The architecture mapping system 500 can add artificial neurons to
the architecture 502 in addition to those specified by nodes in the
sub-graph 512 (or the graph 501), and designate the added neurons
as input artificial neurons and output artificial neurons. For
example, for a brain emulation neural network 516 that is
configured to process an input including a 100.times.100 image to
generate an output indicating whether the image is included in each
of 1000 categories, the architecture mapping system 500 can add
10,000 (=100.times.100) input artificial neurons and 1000 output
artificial neurons to the architecture. Input and output artificial
neurons that are added to the architecture 502 can be connected to
the other neurons in the architecture in any of a variety of ways.
For example, the input and output artificial neurons can be densely
connected to every other neuron in the architecture.
[0127] Various operations performed by the described architecture
mapping system 500 are optional or can be implemented in a
different order. For example, the architecture mapping system 500
can refrain from applying transformation operations to the graph
501 using the transformation engine 504, and refrain from
extracting a sub-graph 512 from the graph 501 using the feature
generation engine 506, the node classification engine 508, and the
nucleus classification engine 518. In this example, the
architecture mapping system 500 can directly map the graph 501 to
the neural network architecture 502, e.g., by mapping each node in
the graph to an artificial neuron and mapping each edge in the
graph to a connection in the architecture, as described above.
[0128] FIG. 6 illustrates an example graph 600 and an example
sub-graph 602. Each node in the graph 600 is represented by a
circle (e.g., 604 and 606), and each edge in the graph 600 is
represented by a line (e.g., 608 and 610). In this illustration,
the graph 600 can be considered a simplified representation of a
synaptic connectivity graph (an actual synaptic connectivity graph
can have far more nodes and edges than are depicted in FIG. 6).

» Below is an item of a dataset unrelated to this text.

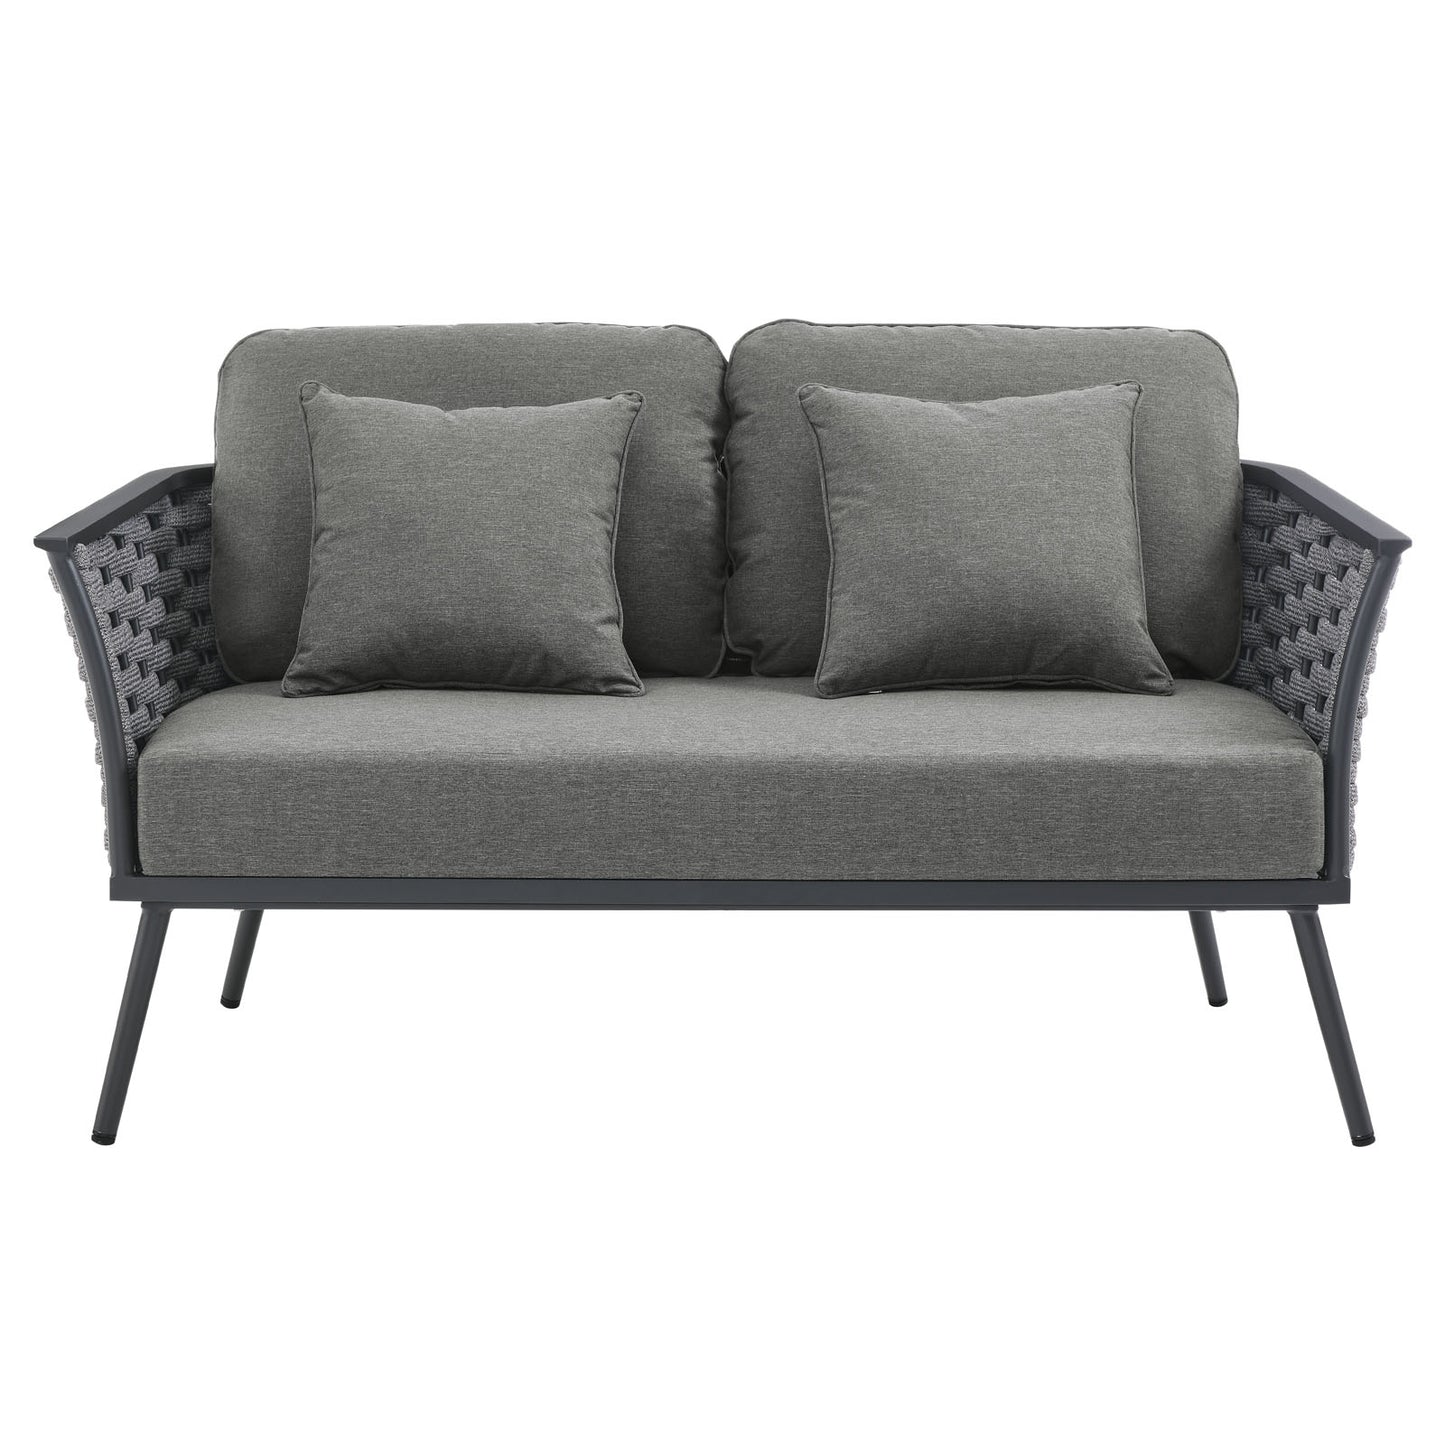 Stance Outdoor Patio Aluminum Loveseat Gray Charcoal EEI-3019-GRY-CHA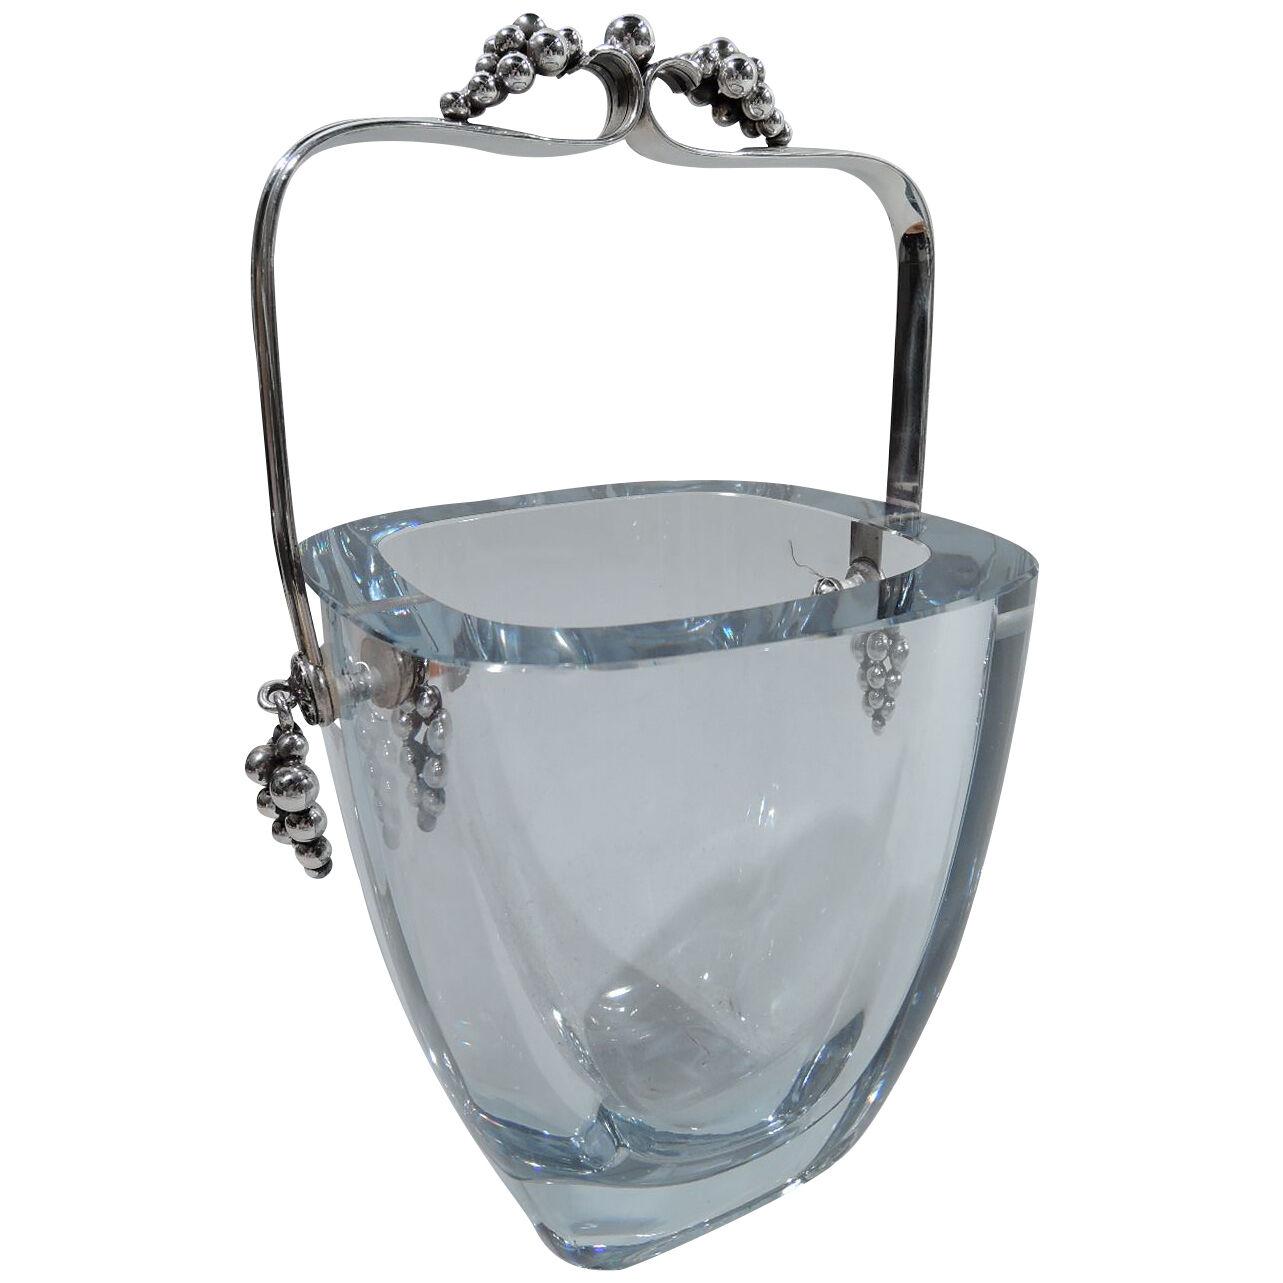 Danish Midcentury Modern Sterling Silver and Glass Ice Bucket

A
sub-graph 602 can be identified in the graph 600, where the
sub-graph 602 includes a proper subset of the nodes and edges of
the graph 600. In this example, the nodes included in the sub-graph
602 are hatched (e.g., 606) and the edges included in sub-graph 602
are dashed (e.g., 610). The nodes included in the sub-graph 602 can
correspond to neurons of a particular type, e.g., neurons having a
particular function, e.g., olfactory neurons, visual neurons, or
memory neurons. The architecture of the brain emulation neural
network can be specified by the structure of the entire graph 600,
or by the structure of a sub-graph 602, as described above.
[0129] FIG. 7 is a flow diagram of an example process 700 for
implementing a recurrent neural network that includes a brain
emulation subnetwork. For convenience, the process 700 will be
described as being performed by a system of one or more computers
located in one or more locations. For example, a system executing a
recurrent neural network, e.g., the recurrent neural network 300 of
FIG. 3, appropriately programmed in accordance with this
specification, can perform the process 700.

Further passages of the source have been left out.